───── Records for the task

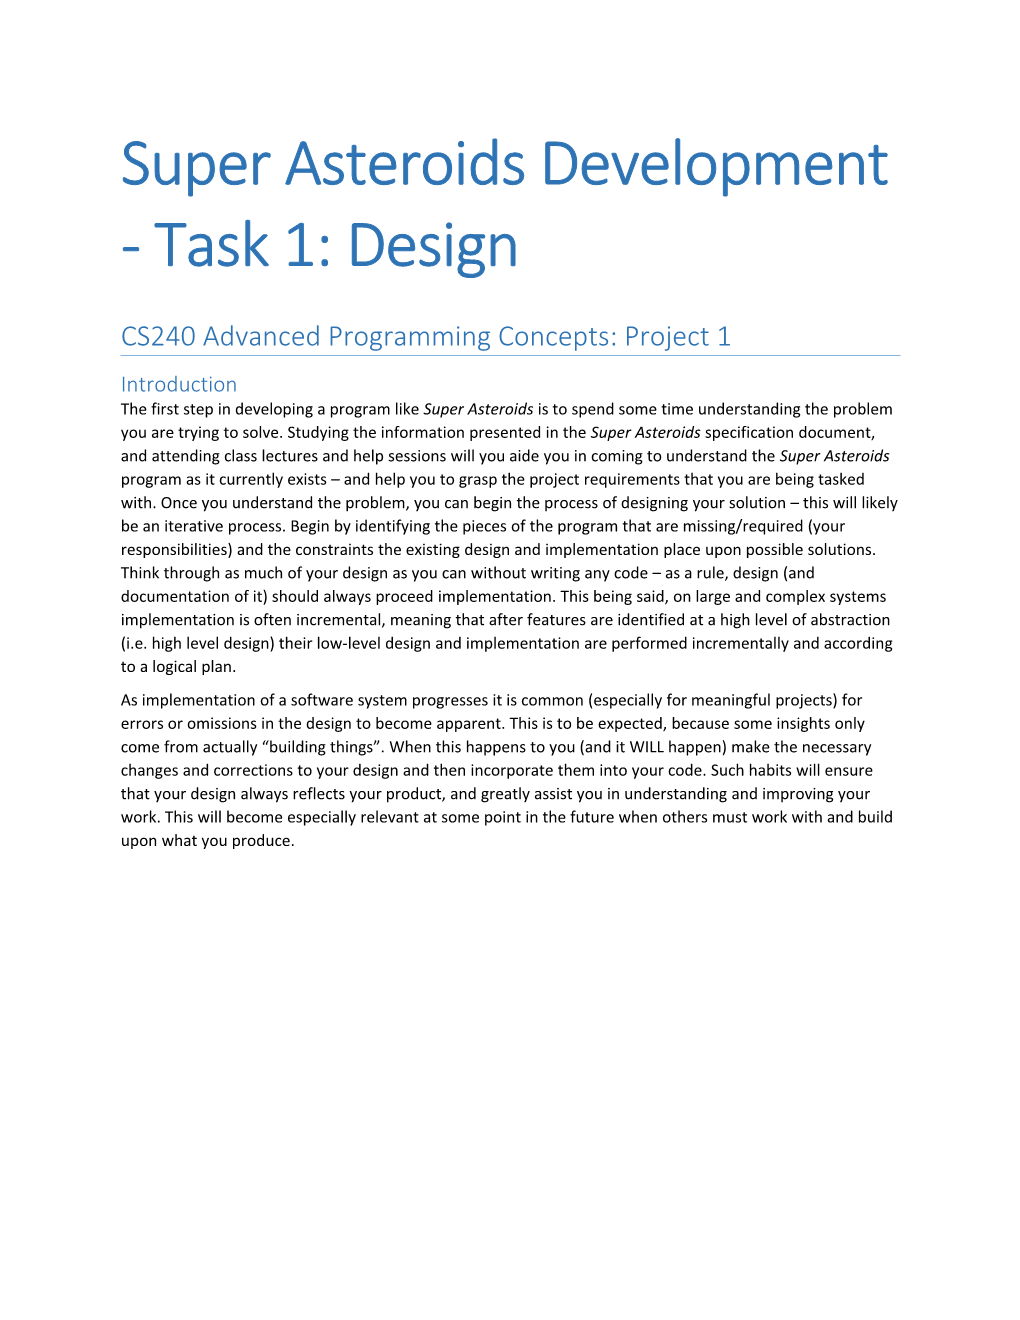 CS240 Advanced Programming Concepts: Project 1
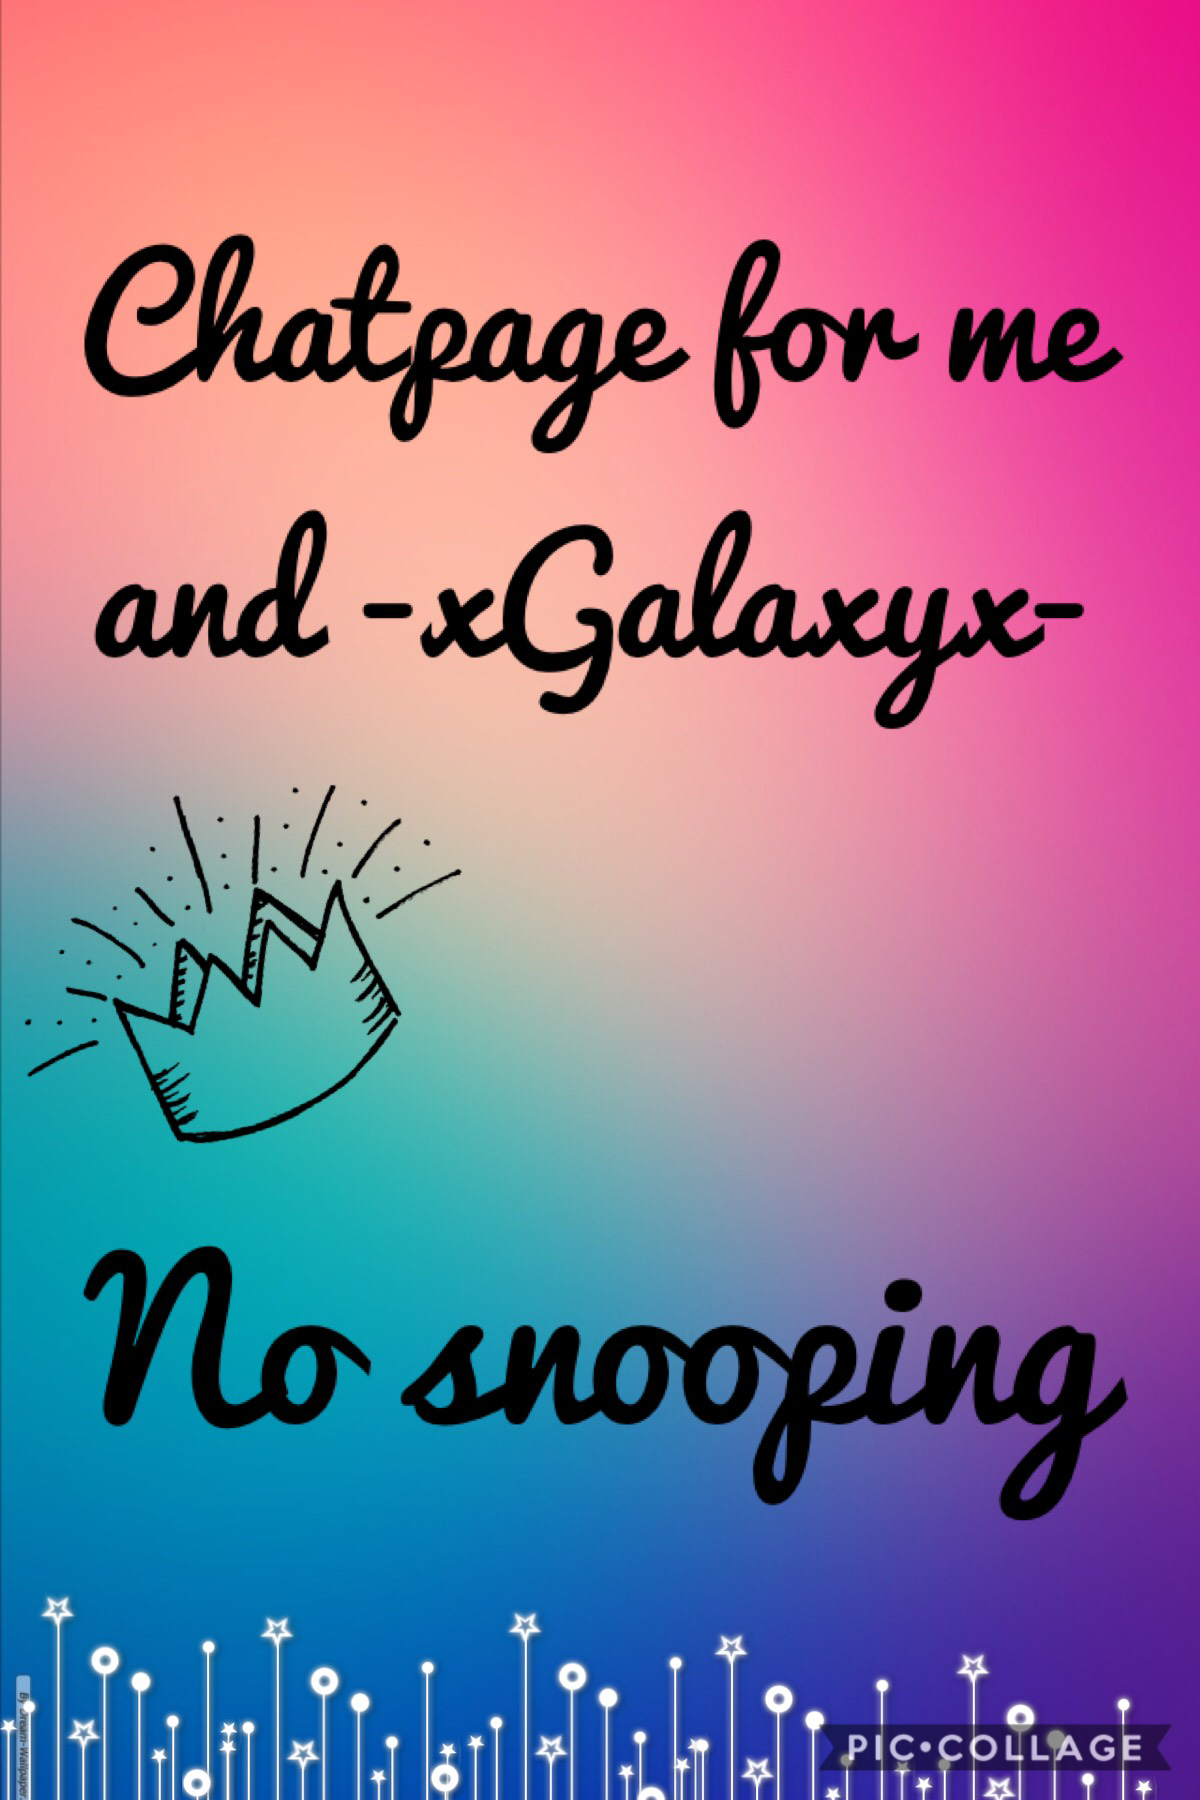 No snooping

──────────
───── Records for the task

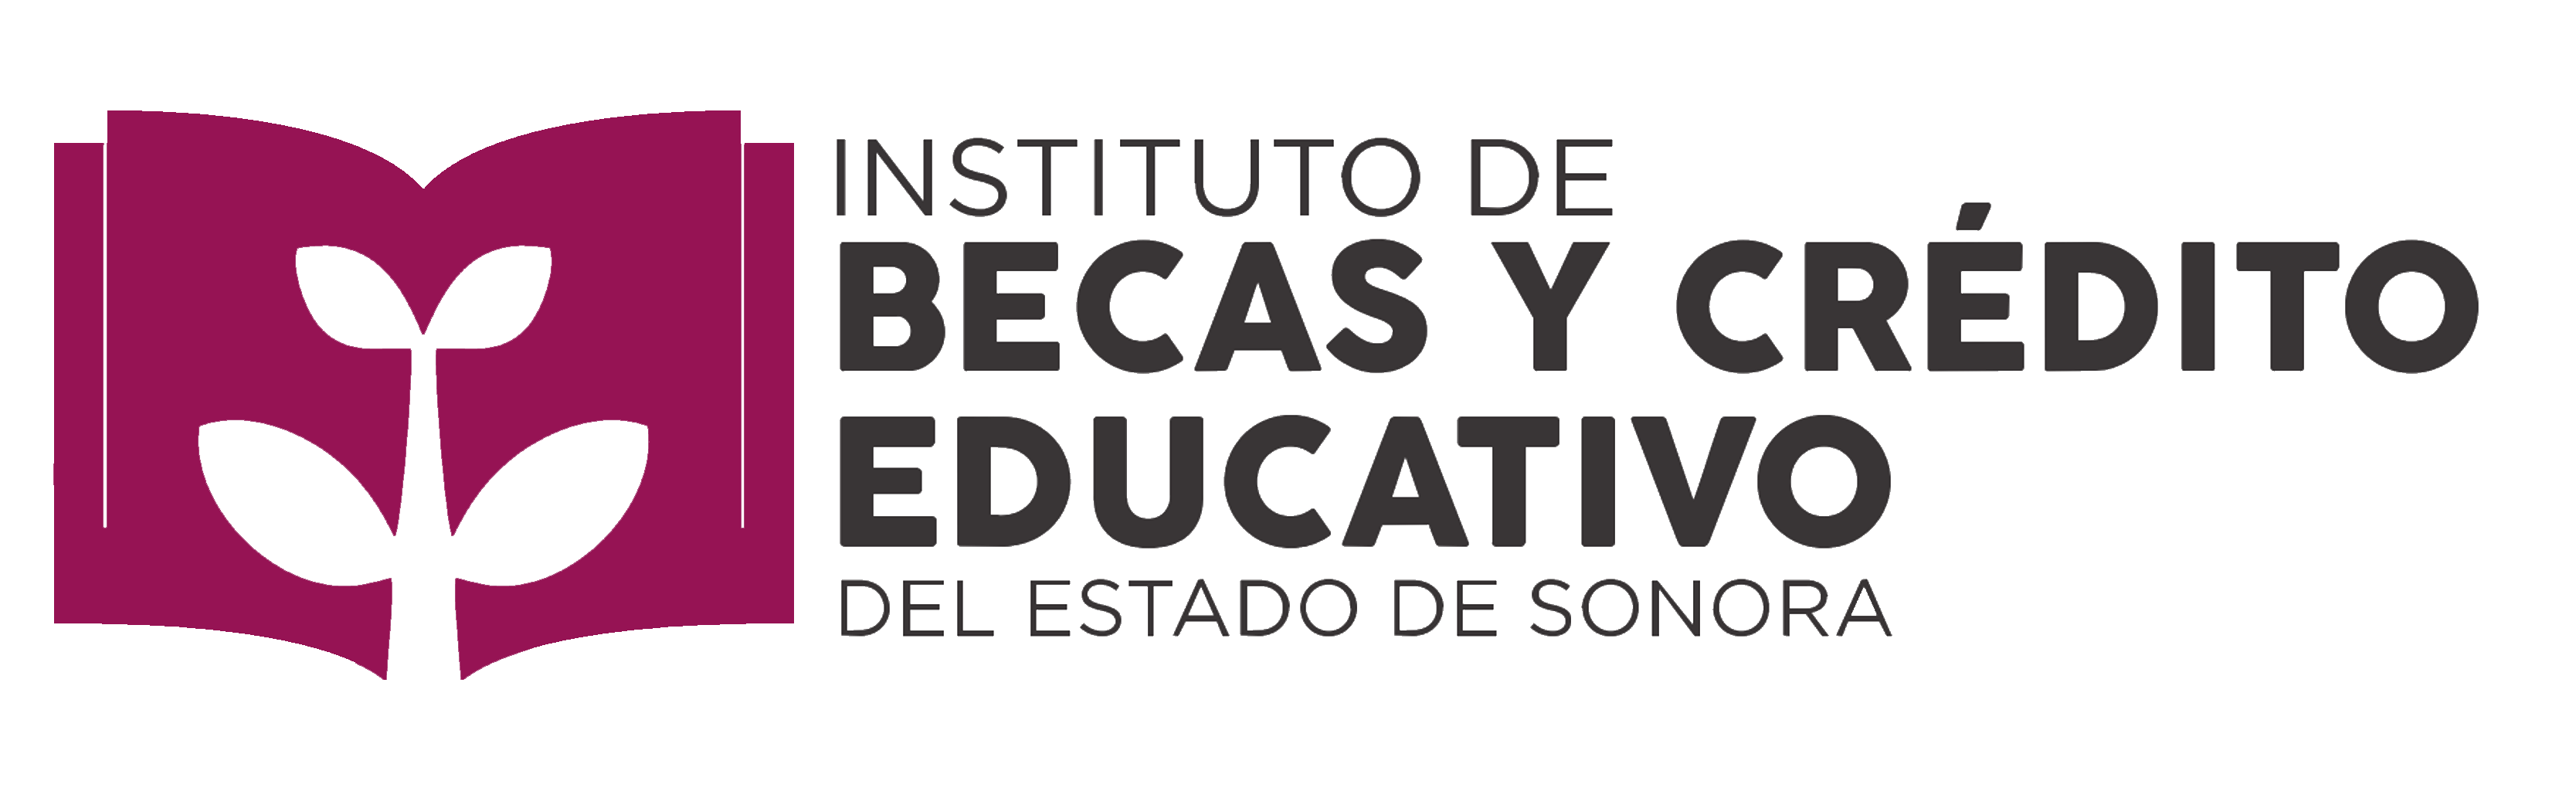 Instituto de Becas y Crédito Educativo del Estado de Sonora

──────────

▶ What you should do:
What is needed is an exact copy of the lines above, from the one holding "CS240 Advanced Programming" down to the one holding "No snooping", with those two included and the pictures left out.

▶ Written solution:
 CS240 Advanced Programming Concepts: Project 1
 No snooping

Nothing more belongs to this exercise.